● **Records drawn from a dataset**
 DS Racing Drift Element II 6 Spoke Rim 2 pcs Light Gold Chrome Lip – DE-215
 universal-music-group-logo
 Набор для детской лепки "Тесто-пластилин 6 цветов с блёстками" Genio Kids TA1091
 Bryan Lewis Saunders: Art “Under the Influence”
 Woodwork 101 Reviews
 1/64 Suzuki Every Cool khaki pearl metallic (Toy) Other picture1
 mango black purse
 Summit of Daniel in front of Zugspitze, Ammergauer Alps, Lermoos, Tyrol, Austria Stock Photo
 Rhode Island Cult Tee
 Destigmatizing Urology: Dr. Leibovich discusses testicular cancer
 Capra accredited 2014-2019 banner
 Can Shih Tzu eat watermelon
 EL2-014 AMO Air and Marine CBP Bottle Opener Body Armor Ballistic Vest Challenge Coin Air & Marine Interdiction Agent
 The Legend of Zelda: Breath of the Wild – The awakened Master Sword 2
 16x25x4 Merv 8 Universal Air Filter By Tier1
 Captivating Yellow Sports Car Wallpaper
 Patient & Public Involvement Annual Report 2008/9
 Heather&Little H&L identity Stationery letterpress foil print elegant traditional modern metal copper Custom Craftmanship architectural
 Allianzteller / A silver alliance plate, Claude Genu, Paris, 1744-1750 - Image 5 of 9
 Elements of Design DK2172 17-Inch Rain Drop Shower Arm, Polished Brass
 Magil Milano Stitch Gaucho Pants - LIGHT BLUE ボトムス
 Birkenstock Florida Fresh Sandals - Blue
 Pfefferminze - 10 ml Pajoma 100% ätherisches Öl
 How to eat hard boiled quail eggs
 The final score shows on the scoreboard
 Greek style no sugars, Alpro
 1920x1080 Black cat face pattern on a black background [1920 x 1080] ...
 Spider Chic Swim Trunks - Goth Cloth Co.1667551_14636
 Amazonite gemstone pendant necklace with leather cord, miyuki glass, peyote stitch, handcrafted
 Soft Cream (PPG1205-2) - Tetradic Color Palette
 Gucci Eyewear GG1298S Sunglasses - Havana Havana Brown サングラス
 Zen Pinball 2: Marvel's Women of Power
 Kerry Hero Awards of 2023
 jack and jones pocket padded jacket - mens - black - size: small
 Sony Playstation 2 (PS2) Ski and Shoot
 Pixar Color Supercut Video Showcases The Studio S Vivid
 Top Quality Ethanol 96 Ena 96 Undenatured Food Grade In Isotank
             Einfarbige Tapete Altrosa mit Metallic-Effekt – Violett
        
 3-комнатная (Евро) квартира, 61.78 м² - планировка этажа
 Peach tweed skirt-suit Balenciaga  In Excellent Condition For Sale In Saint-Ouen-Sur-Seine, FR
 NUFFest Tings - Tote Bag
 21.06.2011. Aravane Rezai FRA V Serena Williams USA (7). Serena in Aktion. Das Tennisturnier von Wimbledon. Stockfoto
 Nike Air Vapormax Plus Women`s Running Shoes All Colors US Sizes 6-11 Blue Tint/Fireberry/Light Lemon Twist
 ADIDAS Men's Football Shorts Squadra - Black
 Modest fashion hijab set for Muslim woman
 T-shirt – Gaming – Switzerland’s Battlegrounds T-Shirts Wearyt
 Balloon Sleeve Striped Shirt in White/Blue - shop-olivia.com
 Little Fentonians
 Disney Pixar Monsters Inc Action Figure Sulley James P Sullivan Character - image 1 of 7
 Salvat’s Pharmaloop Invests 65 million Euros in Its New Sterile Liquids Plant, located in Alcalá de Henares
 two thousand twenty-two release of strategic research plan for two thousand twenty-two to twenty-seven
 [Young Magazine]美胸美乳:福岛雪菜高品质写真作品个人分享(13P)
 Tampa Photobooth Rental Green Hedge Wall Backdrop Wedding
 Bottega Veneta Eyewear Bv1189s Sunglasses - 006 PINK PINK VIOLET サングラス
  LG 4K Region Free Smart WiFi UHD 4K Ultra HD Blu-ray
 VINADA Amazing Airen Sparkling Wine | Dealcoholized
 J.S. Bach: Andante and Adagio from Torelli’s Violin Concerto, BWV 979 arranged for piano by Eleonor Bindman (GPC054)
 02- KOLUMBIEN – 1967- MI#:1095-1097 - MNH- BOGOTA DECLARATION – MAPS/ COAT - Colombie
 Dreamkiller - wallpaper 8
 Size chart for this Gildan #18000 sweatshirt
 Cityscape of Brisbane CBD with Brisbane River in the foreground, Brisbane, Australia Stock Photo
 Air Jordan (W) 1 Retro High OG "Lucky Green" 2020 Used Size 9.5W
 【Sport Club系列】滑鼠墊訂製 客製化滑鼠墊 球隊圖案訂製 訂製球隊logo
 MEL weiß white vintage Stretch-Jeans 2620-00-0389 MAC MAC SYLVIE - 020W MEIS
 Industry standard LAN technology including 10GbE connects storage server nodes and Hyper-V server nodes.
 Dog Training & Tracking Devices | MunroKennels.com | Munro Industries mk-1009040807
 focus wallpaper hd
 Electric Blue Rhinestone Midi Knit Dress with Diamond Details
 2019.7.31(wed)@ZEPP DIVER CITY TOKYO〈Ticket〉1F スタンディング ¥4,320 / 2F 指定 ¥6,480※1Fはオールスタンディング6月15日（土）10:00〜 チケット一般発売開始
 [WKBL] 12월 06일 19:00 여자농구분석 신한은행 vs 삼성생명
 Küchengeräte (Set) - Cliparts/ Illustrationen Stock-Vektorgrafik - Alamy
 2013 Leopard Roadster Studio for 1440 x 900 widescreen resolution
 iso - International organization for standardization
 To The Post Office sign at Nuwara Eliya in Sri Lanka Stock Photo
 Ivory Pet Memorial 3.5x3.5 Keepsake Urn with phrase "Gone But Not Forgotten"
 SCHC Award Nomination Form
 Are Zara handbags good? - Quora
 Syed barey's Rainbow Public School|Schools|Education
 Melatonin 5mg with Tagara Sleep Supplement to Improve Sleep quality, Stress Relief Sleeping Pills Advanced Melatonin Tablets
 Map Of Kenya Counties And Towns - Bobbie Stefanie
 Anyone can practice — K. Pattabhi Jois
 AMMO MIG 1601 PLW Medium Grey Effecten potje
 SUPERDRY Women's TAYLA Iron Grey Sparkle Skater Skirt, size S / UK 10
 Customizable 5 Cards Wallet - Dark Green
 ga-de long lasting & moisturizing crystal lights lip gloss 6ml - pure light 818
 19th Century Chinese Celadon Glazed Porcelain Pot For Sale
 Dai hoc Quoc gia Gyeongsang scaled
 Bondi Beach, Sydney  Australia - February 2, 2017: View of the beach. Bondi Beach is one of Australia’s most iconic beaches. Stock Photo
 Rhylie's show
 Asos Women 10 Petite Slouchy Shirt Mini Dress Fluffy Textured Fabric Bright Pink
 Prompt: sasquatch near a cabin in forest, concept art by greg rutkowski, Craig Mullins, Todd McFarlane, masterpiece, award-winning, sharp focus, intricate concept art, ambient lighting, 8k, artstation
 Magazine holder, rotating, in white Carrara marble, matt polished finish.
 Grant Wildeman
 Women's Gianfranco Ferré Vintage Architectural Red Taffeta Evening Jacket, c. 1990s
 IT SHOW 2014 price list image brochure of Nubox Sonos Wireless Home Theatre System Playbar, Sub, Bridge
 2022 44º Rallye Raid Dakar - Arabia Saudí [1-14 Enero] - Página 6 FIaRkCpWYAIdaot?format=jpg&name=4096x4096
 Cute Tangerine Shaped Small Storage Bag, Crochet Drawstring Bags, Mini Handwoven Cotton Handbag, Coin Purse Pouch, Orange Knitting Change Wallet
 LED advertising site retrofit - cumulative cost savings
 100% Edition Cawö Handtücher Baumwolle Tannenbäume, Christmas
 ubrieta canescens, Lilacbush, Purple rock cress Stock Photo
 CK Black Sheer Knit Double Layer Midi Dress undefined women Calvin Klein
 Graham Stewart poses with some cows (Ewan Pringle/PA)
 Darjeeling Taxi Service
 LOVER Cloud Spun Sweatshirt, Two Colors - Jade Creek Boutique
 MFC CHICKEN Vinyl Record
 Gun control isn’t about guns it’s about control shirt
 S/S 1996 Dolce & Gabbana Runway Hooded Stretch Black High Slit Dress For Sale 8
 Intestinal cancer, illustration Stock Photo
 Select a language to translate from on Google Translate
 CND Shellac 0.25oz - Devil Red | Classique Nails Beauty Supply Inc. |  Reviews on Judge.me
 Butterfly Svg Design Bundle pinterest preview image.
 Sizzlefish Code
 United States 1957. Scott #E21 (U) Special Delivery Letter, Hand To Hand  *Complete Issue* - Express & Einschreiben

● **Assignment**
Look above for the line with "Birkenstock Florida Fresh Sandals - Blue" and the line with "jack and jones". Write out those two lines and all the lines between them, exactly, and no others.

● **Written response**
 Birkenstock Florida Fresh Sandals - Blue
 Pfefferminze - 10 ml Pajoma 100% ätherisches Öl
 How to eat hard boiled quail eggs
 The final score shows on the scoreboard
 Greek style no sugars, Alpro
 1920x1080 Black cat face pattern on a black background [1920 x 1080] ...
 Spider Chic Swim Trunks - Goth Cloth Co.1667551_14636
 Amazonite gemstone pendant necklace with leather cord, miyuki glass, peyote stitch, handcrafted
 Soft Cream (PPG1205-2) - Tetradic Color Palette
 Gucci Eyewear GG1298S Sunglasses - Havana Havana Brown サングラス
 Zen Pinball 2: Marvel's Women of Power
 Kerry Hero Awards of 2023
 jack and jones pocket padded jacket - mens - black - size: small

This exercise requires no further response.